Our analysis of the clinical specimens indicates that some EGFR mutant NSCLCs with EGFR TKI acquired resistance can harbor multiple mechanisms of resistance. Consistent with prior studies,13 we detected the EGFR T790M mutation in 50% of cases that also harbored MET amplification (Tables 2–3). Furthermore, we found co-occurrence of EGFR T790M and increased AXL and GAS6 in a minority of cases (Tables 2–3). In contrast, we did not detect MET amplification in any resistance specimen that had increased AXL or GAS6 expression (Tables 2–3). Coupled with the preclinical data, our findings suggest that activation of AXL and MET may be mutually exclusive mechanisms of acquired EGFR TKI resistance in NSCLCs.

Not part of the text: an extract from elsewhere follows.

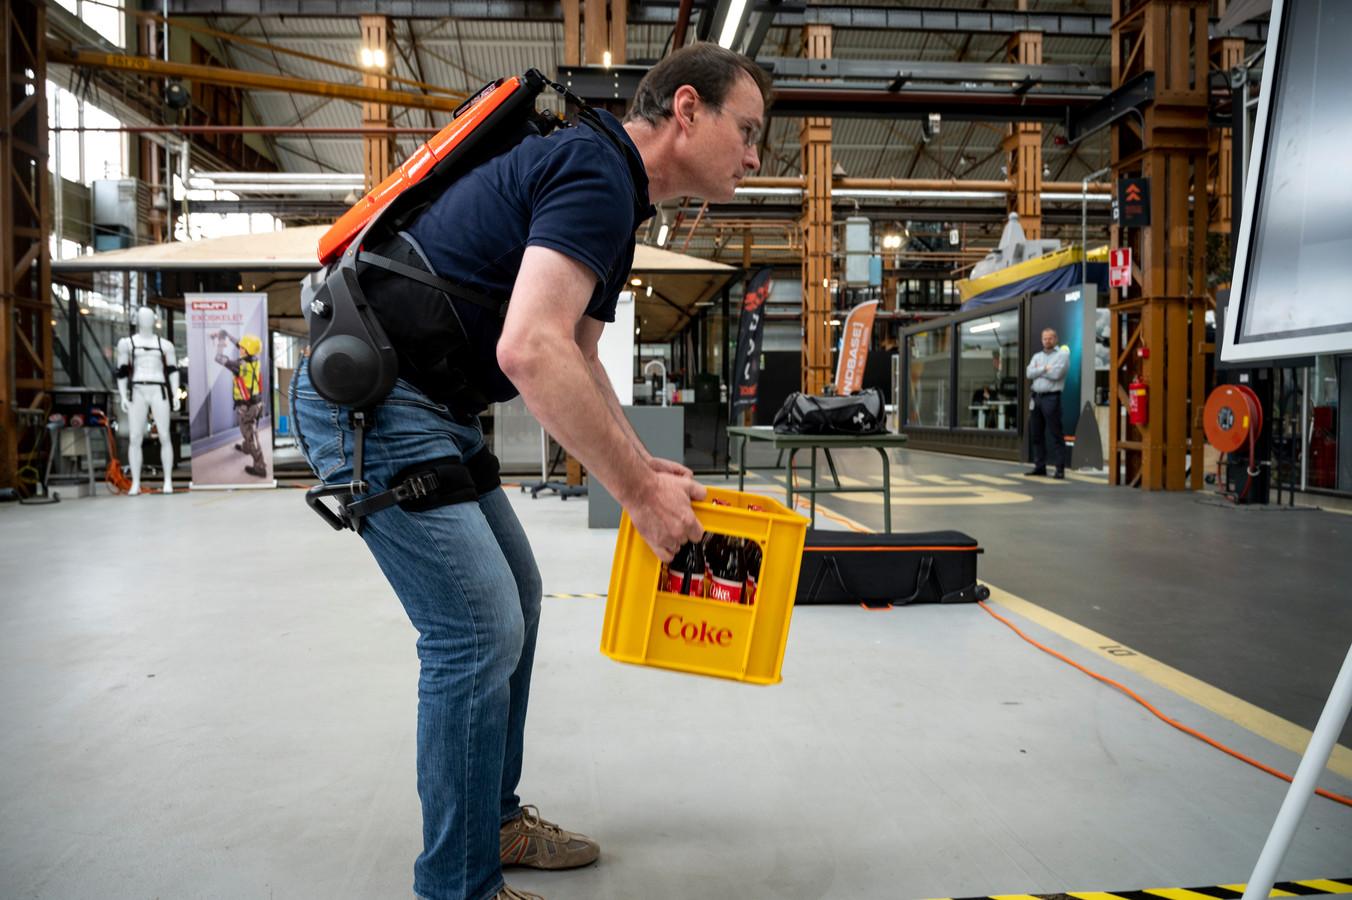 De Cray X van het Duitse bedrijf German Bionic, een actief exoskelet met motor dat de romp ondersteunt bij het tillen.

We have identified activation of the AXL kinase as a novel mechanism of acquired EGFR TKI resistance in EGFR-mutant NSCLCs through an integrated analysis of human EGFR-mutant NSCLC tumor models and one of the largest clinical cohorts of paired EGFR-mutant NSCLC specimens from EGFR TKI treated patients reported to date. Our analysis of the clinical specimens shows that AXL upregulation is the second most common mechanism of EGFR TKI acquired resistance (after EGFR T790M) in EGFR-mutant NSCLCs that has been validated using primary human data. The frequency of EGFR T790M in the EGFR TKI resistant samples in this cohort is lower than previously reported.9,12,13,14 Given that the sequencing assay we used to detect EGFR T790M is standard and validated, this likely represents either distinct biology of EGFR TKI resistance in the setting of AXL or GAS6 upregulation or that there may be greater variability in the frequency of EGFR T790M in EGFR TKI resistant lung cancers than previously described. Importantly, we found upregulation of AXL in patients that developed resistance to both EGFR TKIs (erlotinib and gefitinib) that are clinically approved for use in NSCLC patients worldwide. Our findings are thus relevant to the vast majority of EGFR-mutant NSCLC patients treated with an EGFR TKI.

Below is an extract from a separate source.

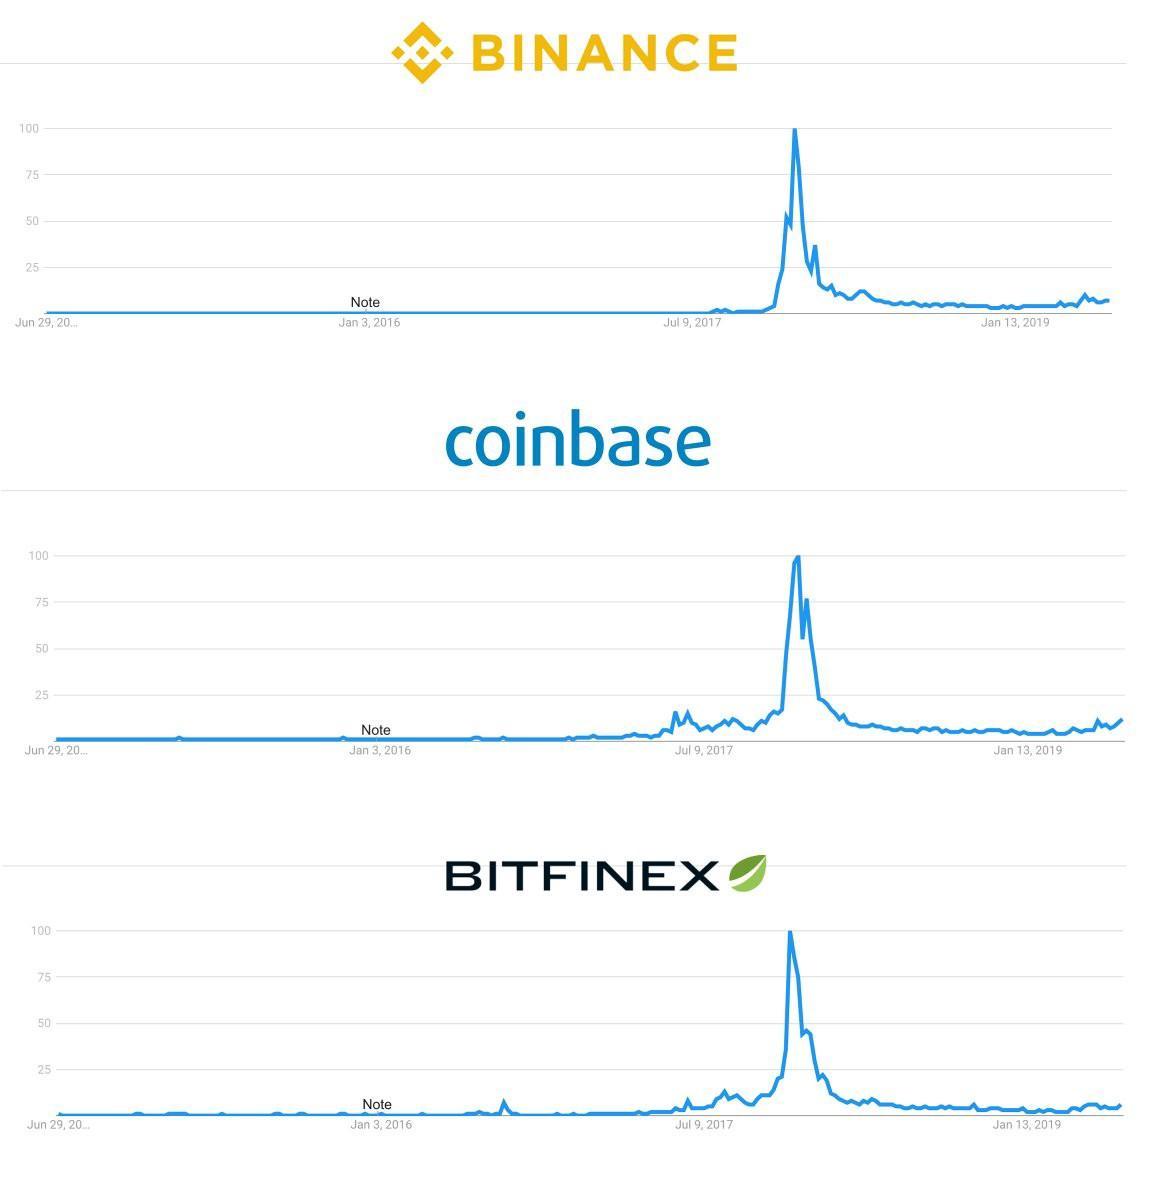 Количество поисковых запросов по словам  «Binance», «Coinbase» и «Bitfinex» демонстрирует минимальный рост с начала года

The data suggest that activation of AXL can occur through its overexpression as well as through upregulation of its ligand GAS6 in the setting of EGFR TKI resistance in EGFR-mutant NSCLCs. This observation is consistent with recent work showing that both upregulation of MET and its ligand HGF can promote EGFR TKI resistance in some EGFR-mutant NSCLCs.10 Our data showing that in some ER cell lines GAS6 is not required for erlotinib resistance are consistent with earlier work demonstrating that AXL overexpression can promote downstream signaling and induce transformation in the absence of GAS6 expression.24 Further work will be necessary to fully elucidate the mechanisms by which GAS6 might promote EGFR TKI resistance through activation of AXL and whether somatic alterations (amplifications, rearrangements, point mutations) in AXL or GAS6 occur in human EGFR-mutant NSCLCs.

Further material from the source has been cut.